##### EXERCISE DATA #####

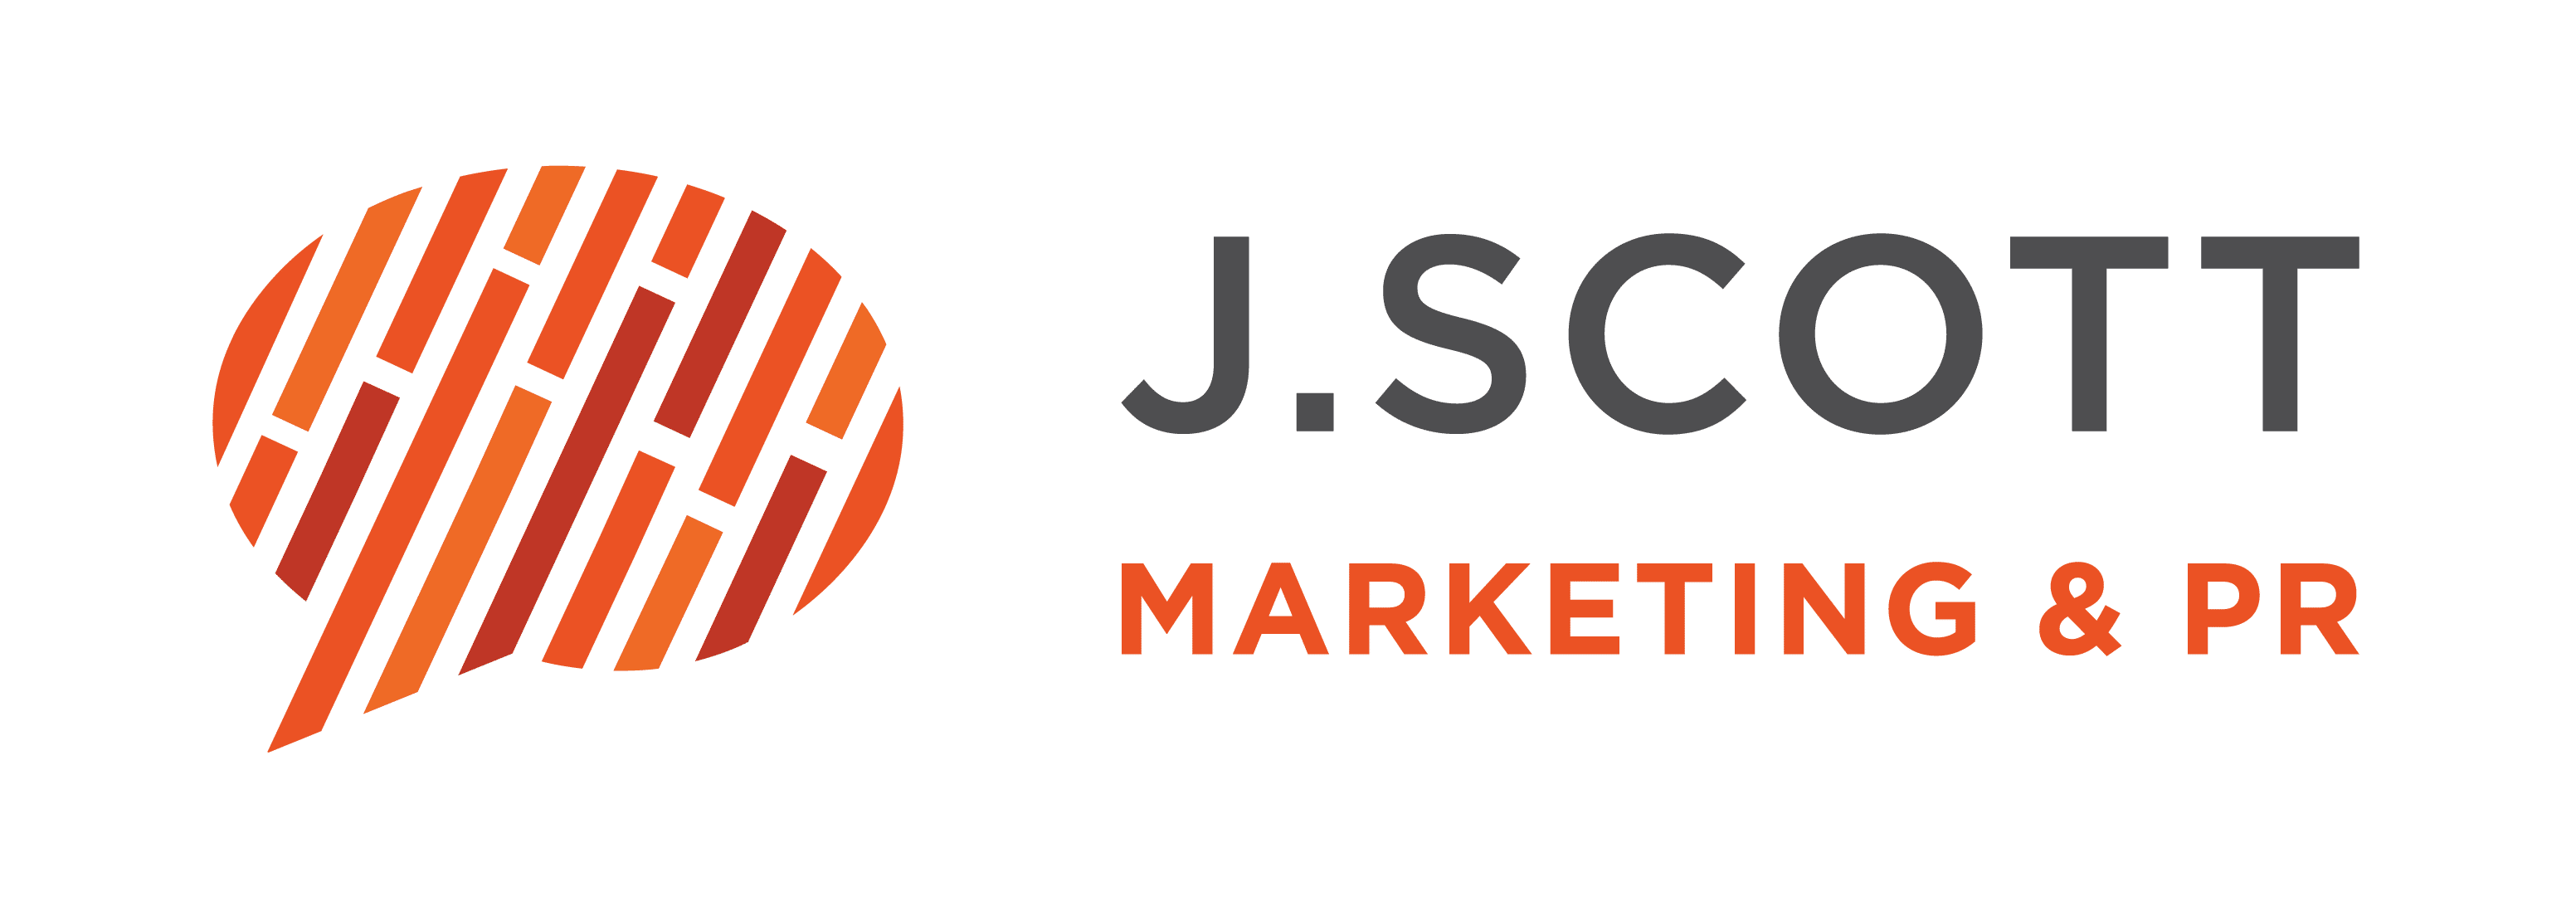 logo: JScott after
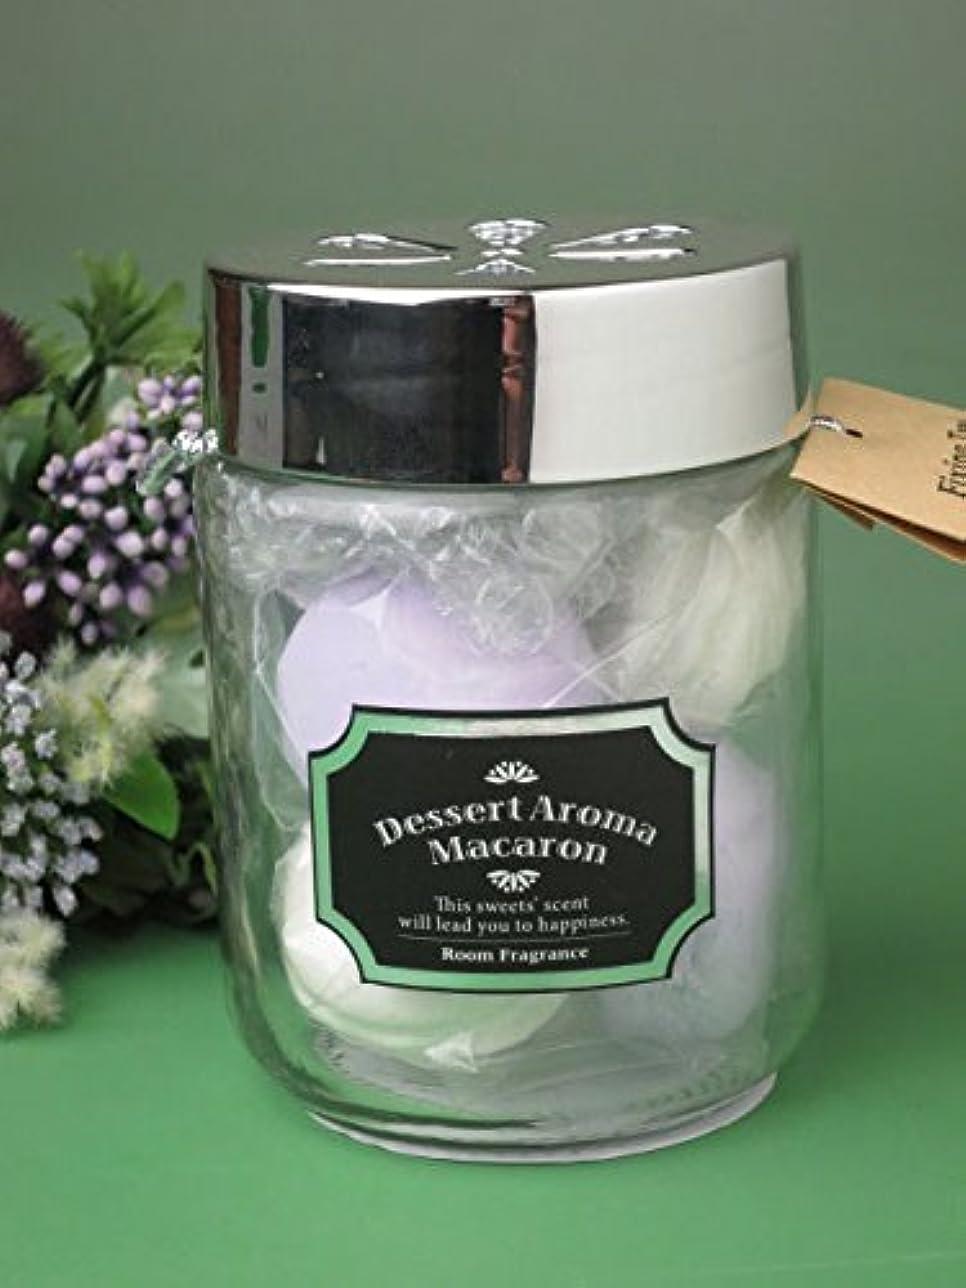 親愛な実験室うがい薬( デザートアロマ マカロン 芳香剤 ラベンダークリームの香り ) アロマ ルームフレグランス
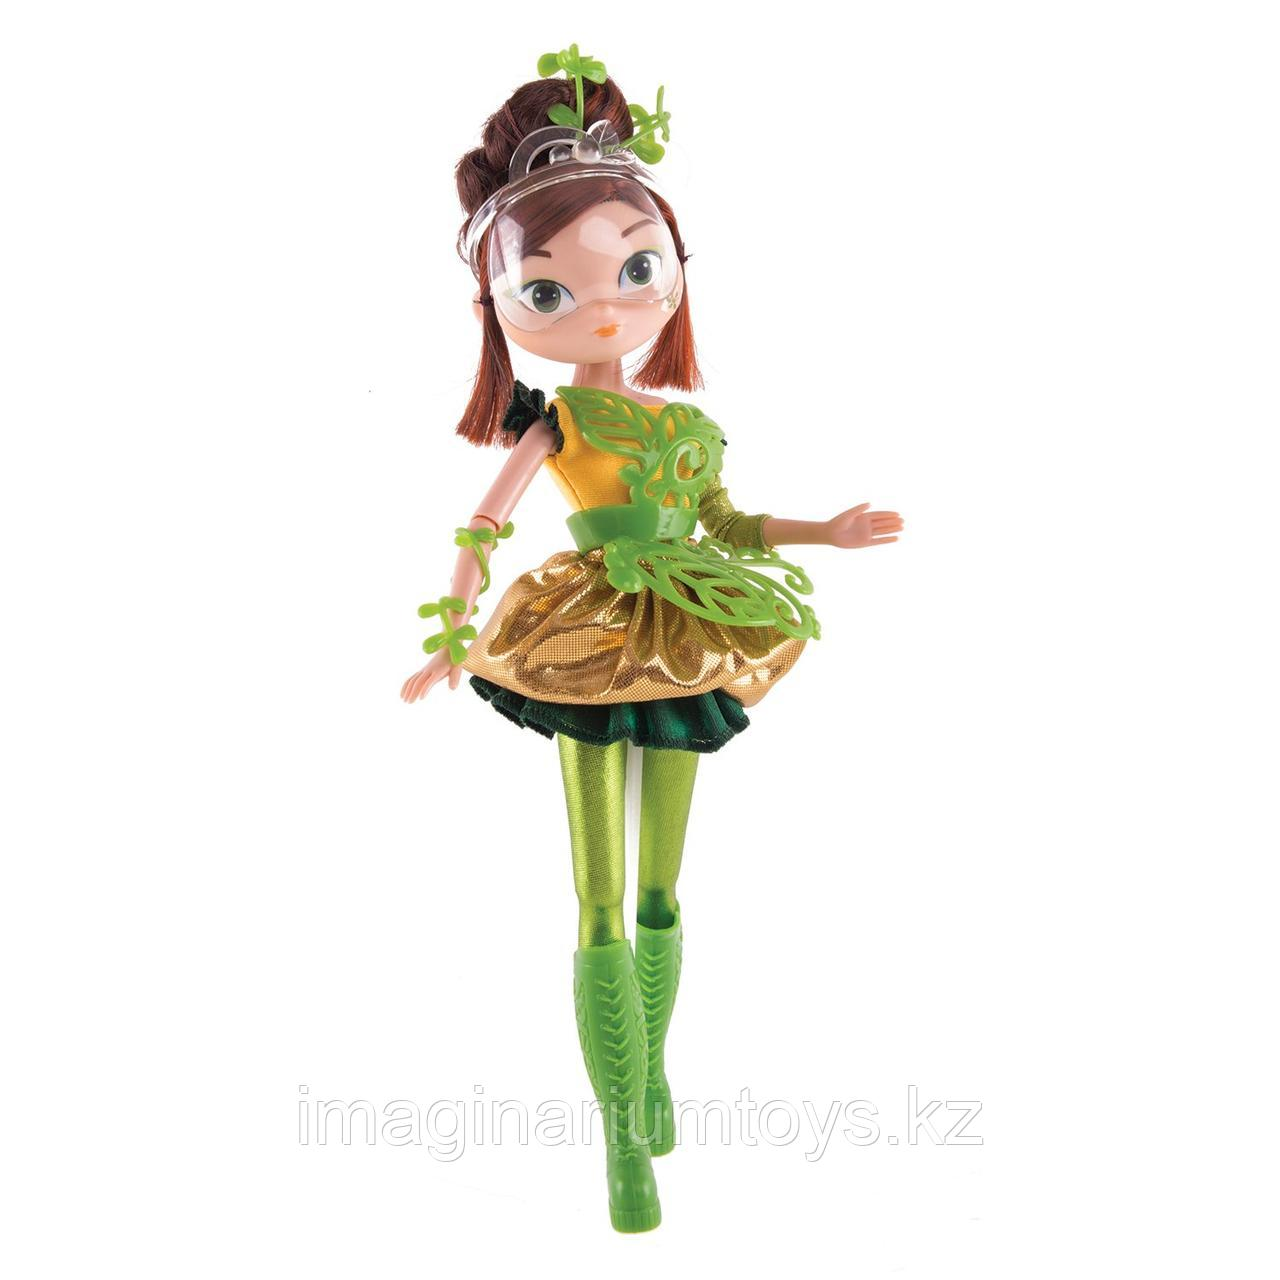 Кукла Сказочный патруль Маша серия Magic 30 см

#####

**WHAT YOU WILL DO:** Output every line above exactly as it stands, and drop any picture.

**EXPECTED ANSWER:**
 logo: JScott after
 親愛な実験室うがい薬( デザートアロマ マカロン 芳香剤 ラベンダークリームの香り ) アロマ ルームフレグランス
 Кукла Сказочный патруль Маша серия Magic 30 см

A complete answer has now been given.